The authors believe that the functional lapses will fall under four possible categories and that a defective V2R can possess one or a combination of them:
- The V2R may be able to get to the site where it is to bind with AVP, but be incapable of binding with it.
- It may be unable to transfer the signal of AVP to other molecules in the urine concentrating sequence. The V2R may not be able to couple to the G-protein or stimulate adenlylate cyclase adequately.
- It may be so deformed that it either cannot get out of its holding place inside the cell (the endoplasmic reticulum) or it is rapidly degraded inside the cell.
- The V2R may not be able to undergo such necessary molecular processes as phosphorylation.

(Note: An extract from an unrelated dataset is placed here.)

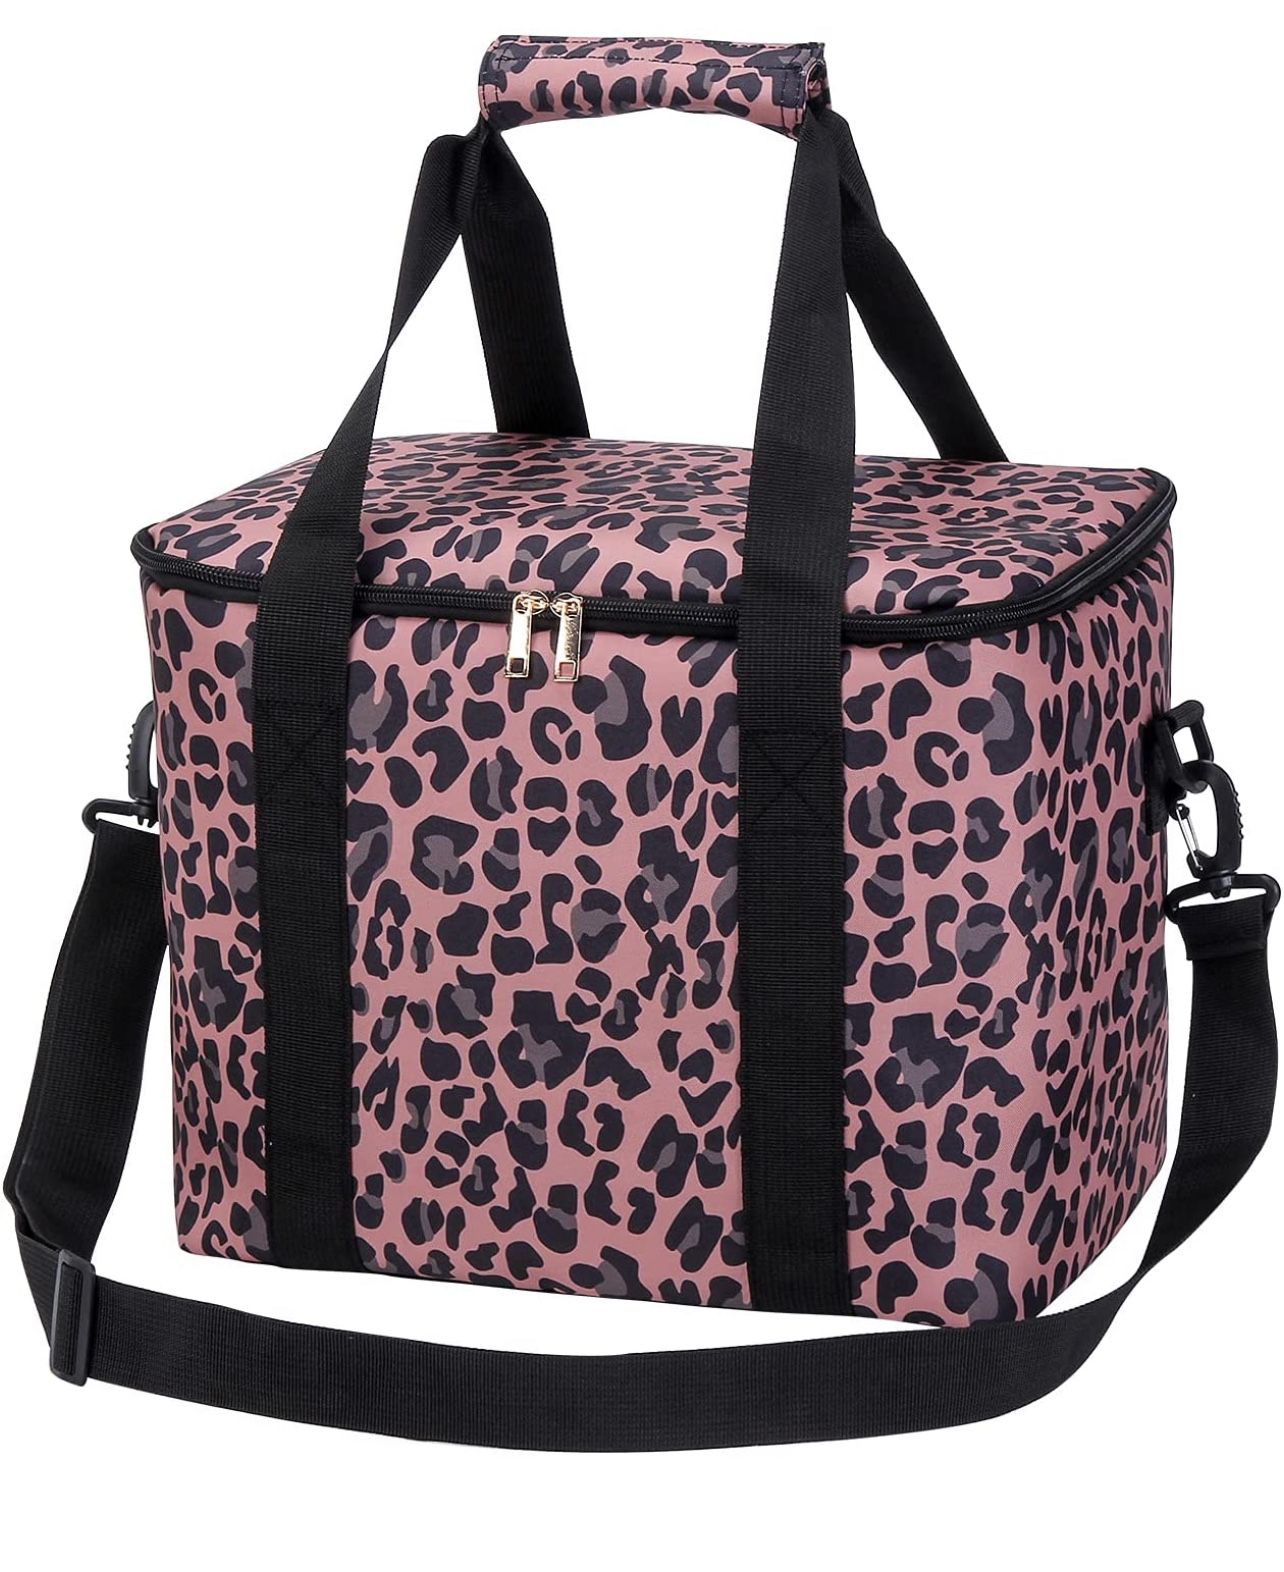 Leopard Lunch Cooler Bags Insulated Large Lunch Box

Of the acquired causes of NDI, long term lithium use (a drug often prescribed for certain psychological disorders such as manic depression) is the most common. From 12% to 20% of all patients on lithium develop NDI. Lithium-induced NDI was always thought to be fully reversible but it is now considered plausible that lithium use may cause long-term kidney damage. Though it is still debated as to how lithium induces NDI, many researchers think lithium impairs adenylate cyclase activation which results in a decrease in cAMP formation. Other things that induce NDI include the drug demeclocycline, low levels of blood potassium, and too high levels of blood calcium.